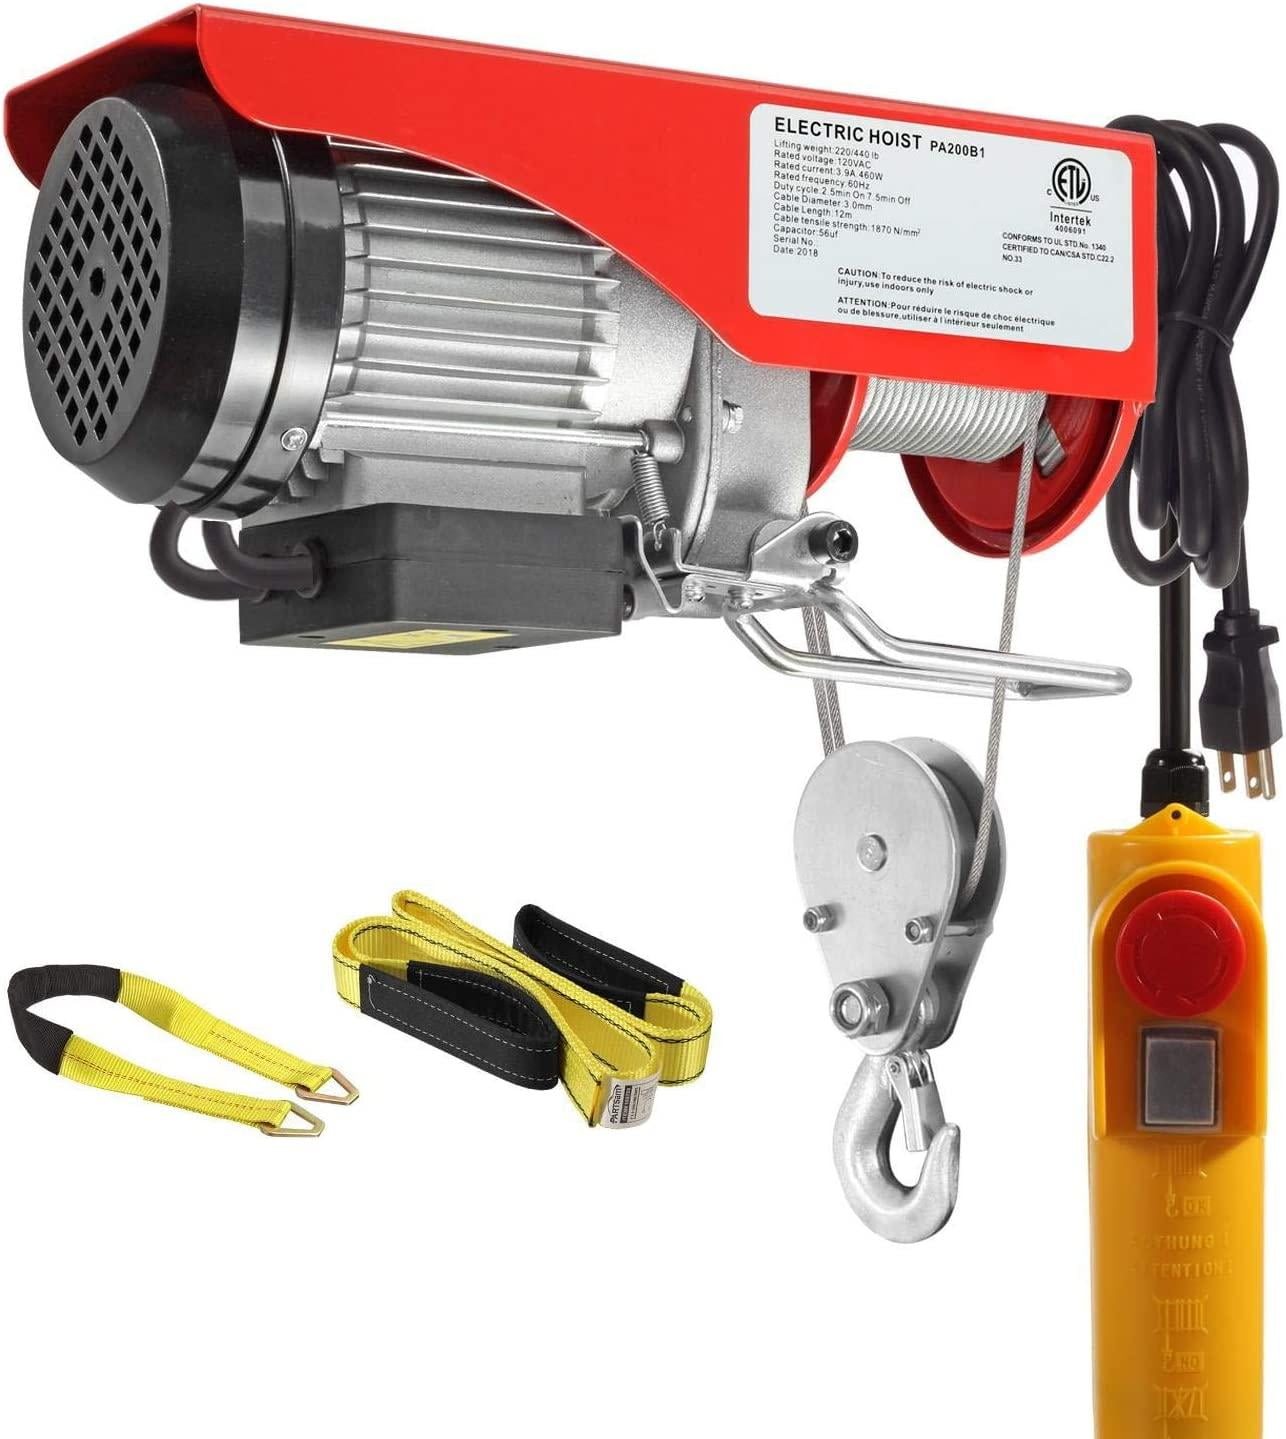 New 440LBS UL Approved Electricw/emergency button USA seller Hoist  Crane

--

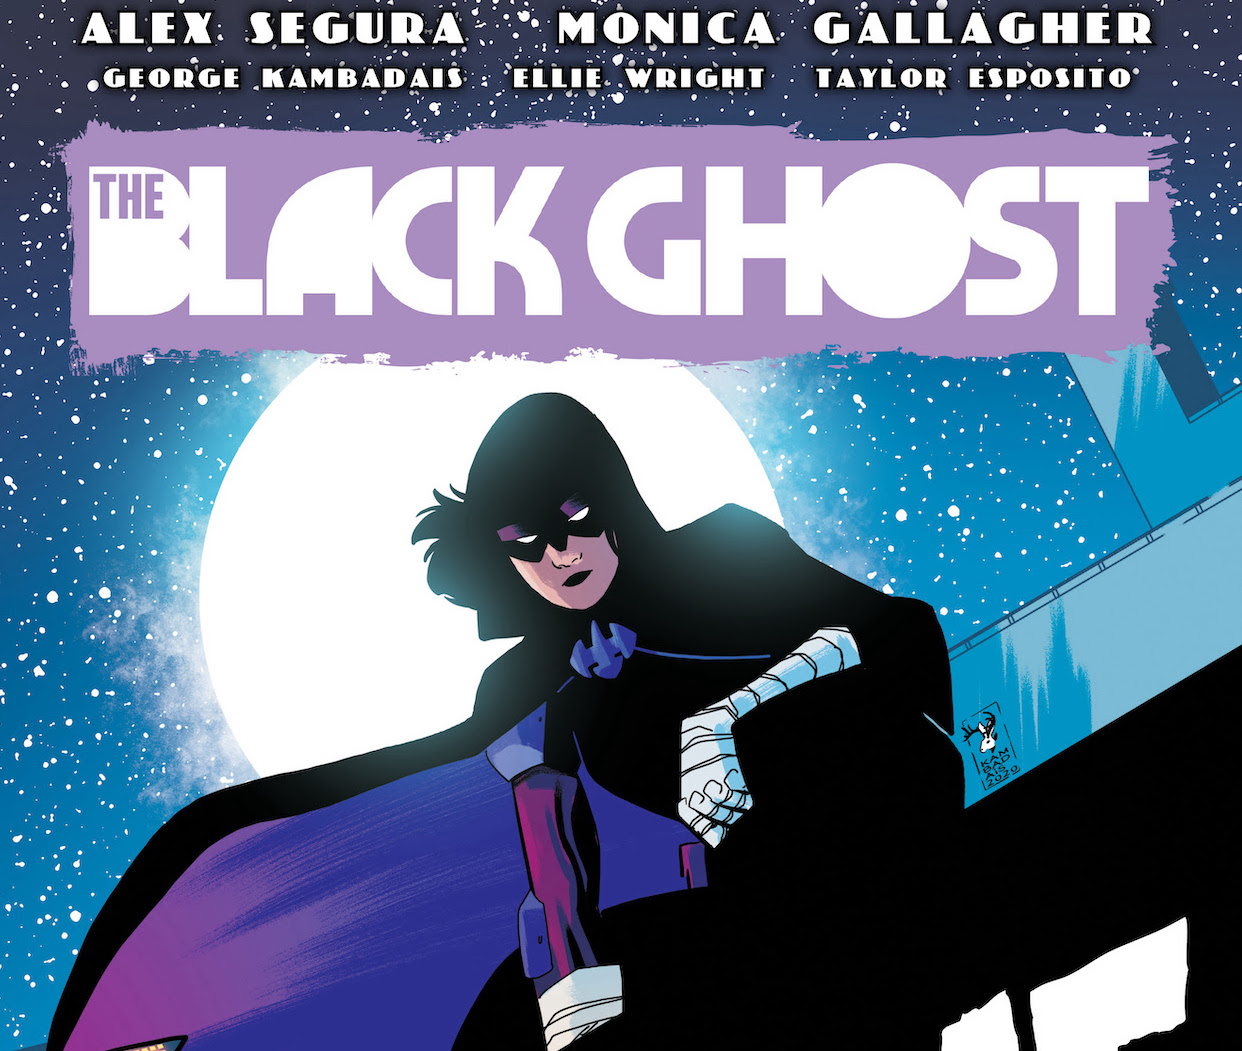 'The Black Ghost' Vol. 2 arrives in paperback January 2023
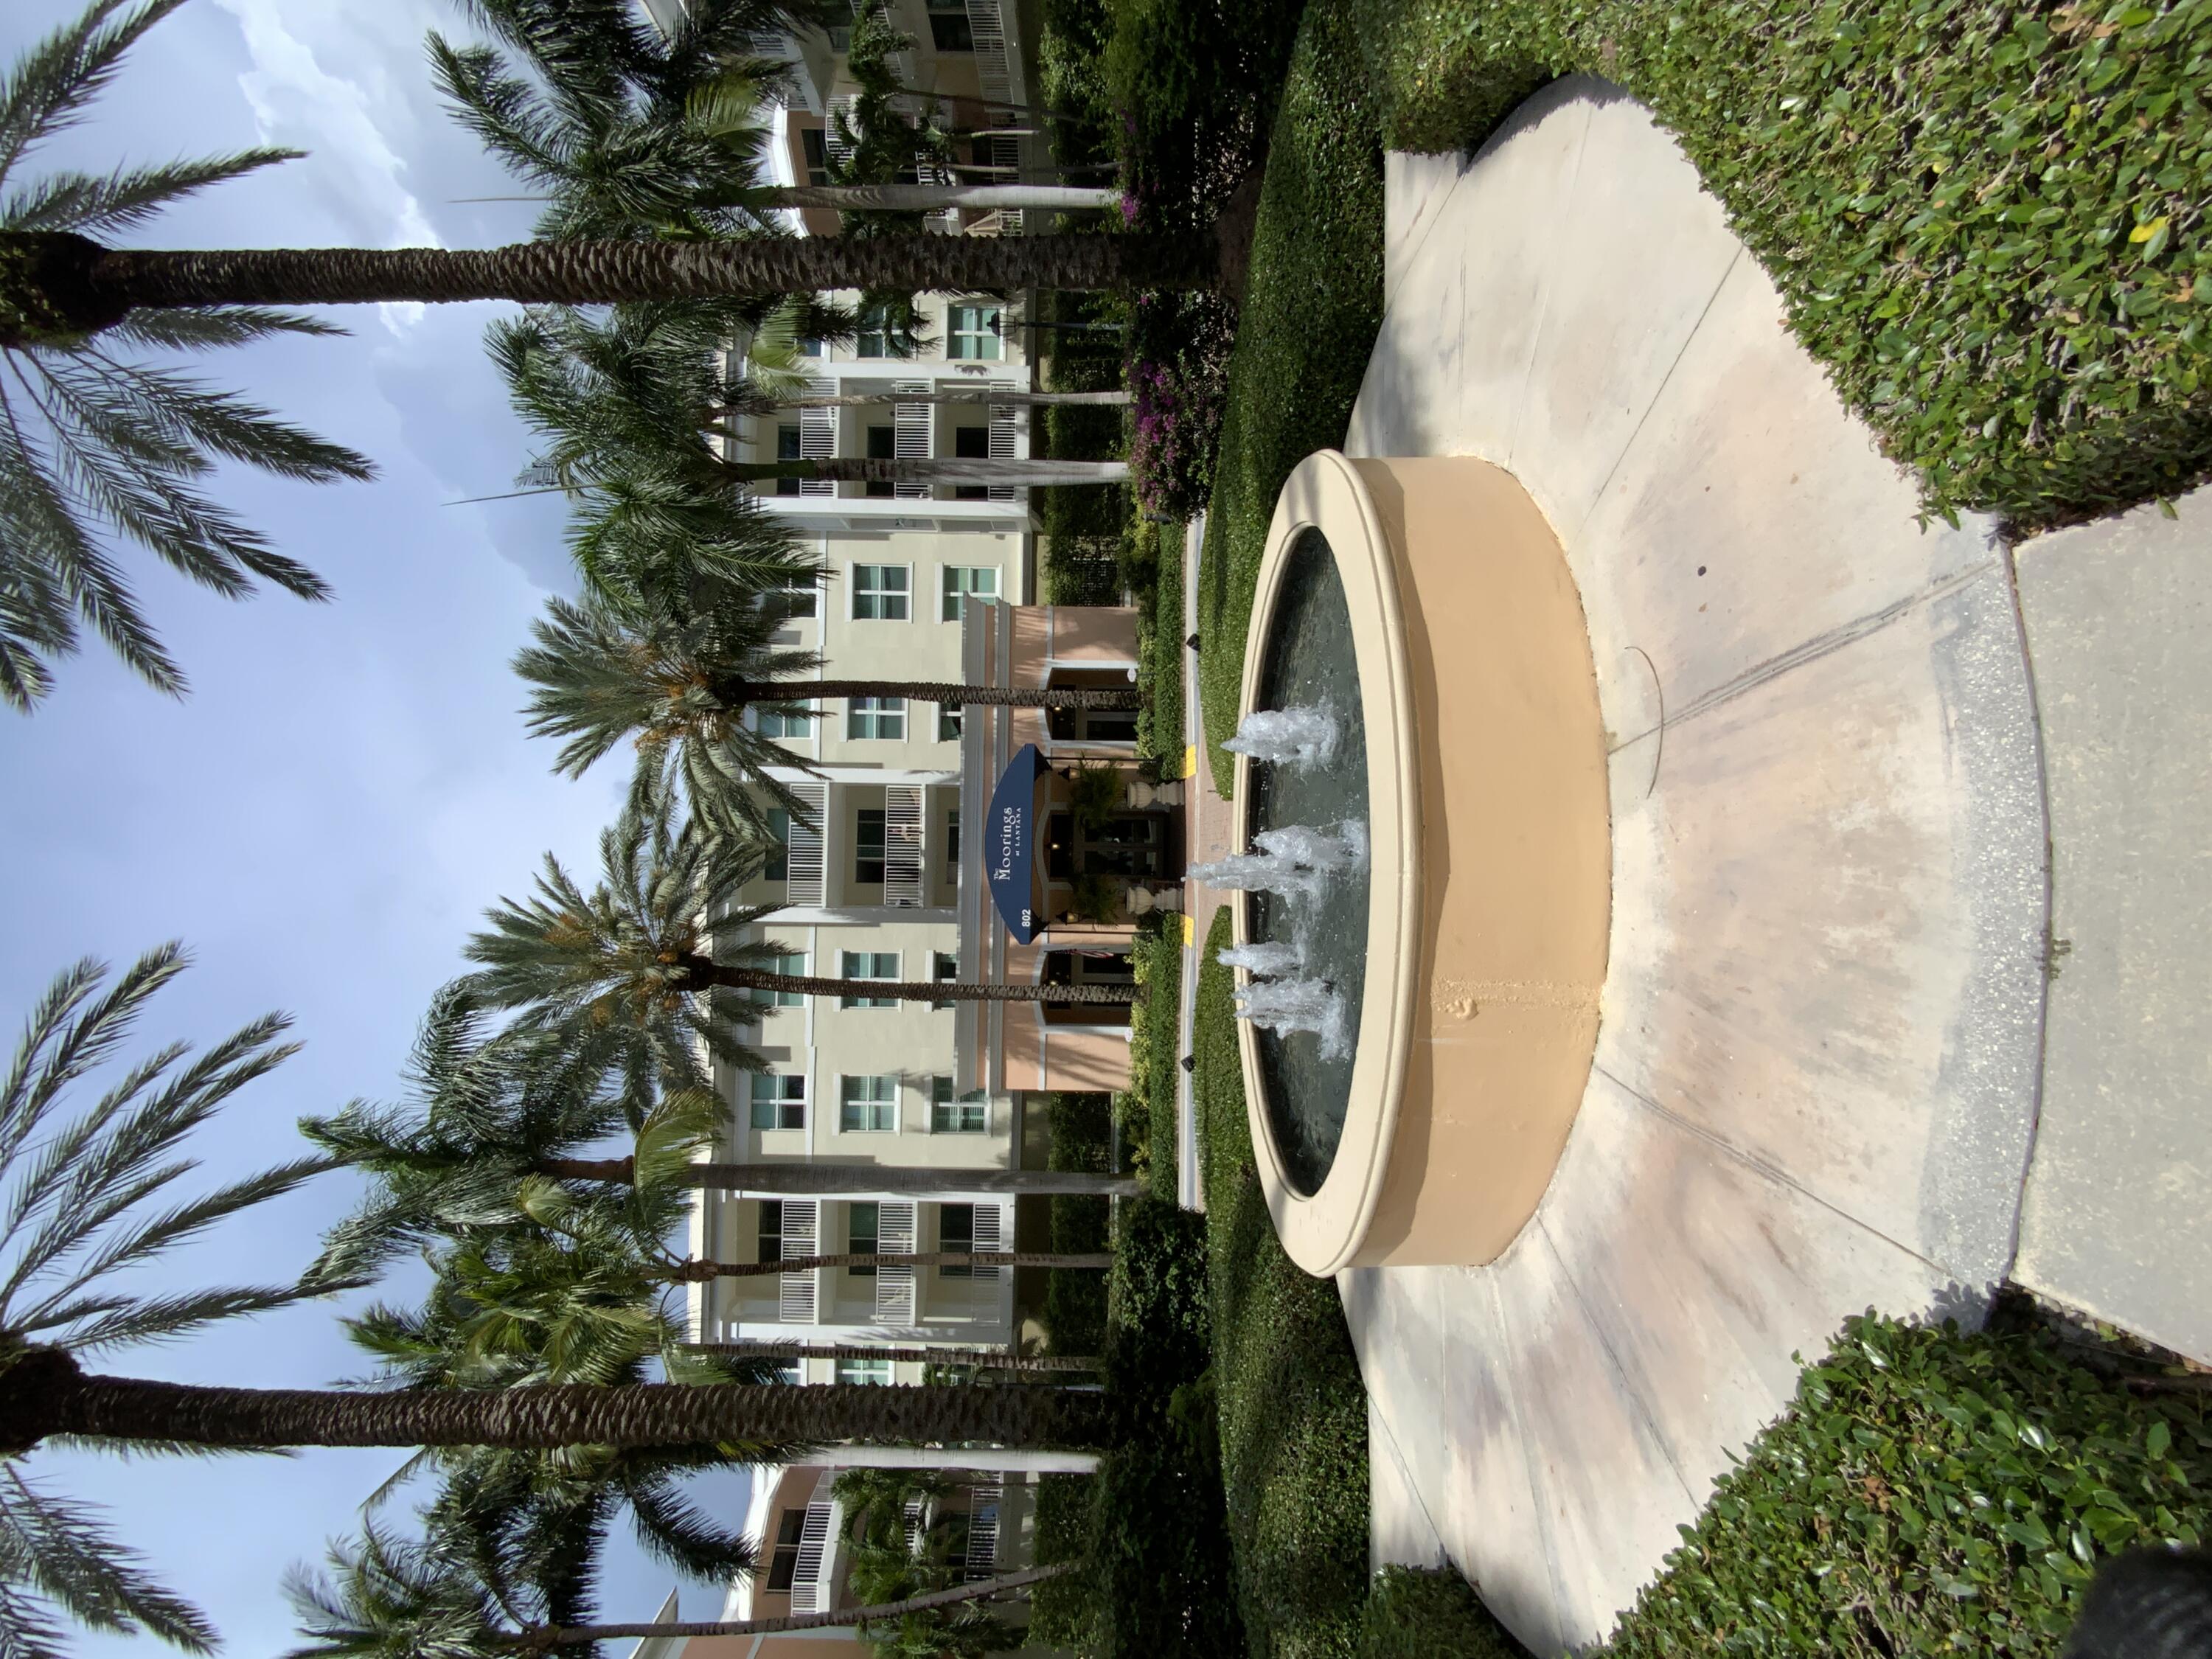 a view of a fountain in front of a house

**TASK**
Only the lines above from the one with "paperback January 2023" to the one with "a view of a fountain in front of a house" should be printed, both included and exactly as written; no picture belongs in the copy.

**TASK RESULT**
 'The Black Ghost' Vol. 2 arrives in paperback January 2023
 a view of a fountain in front of a house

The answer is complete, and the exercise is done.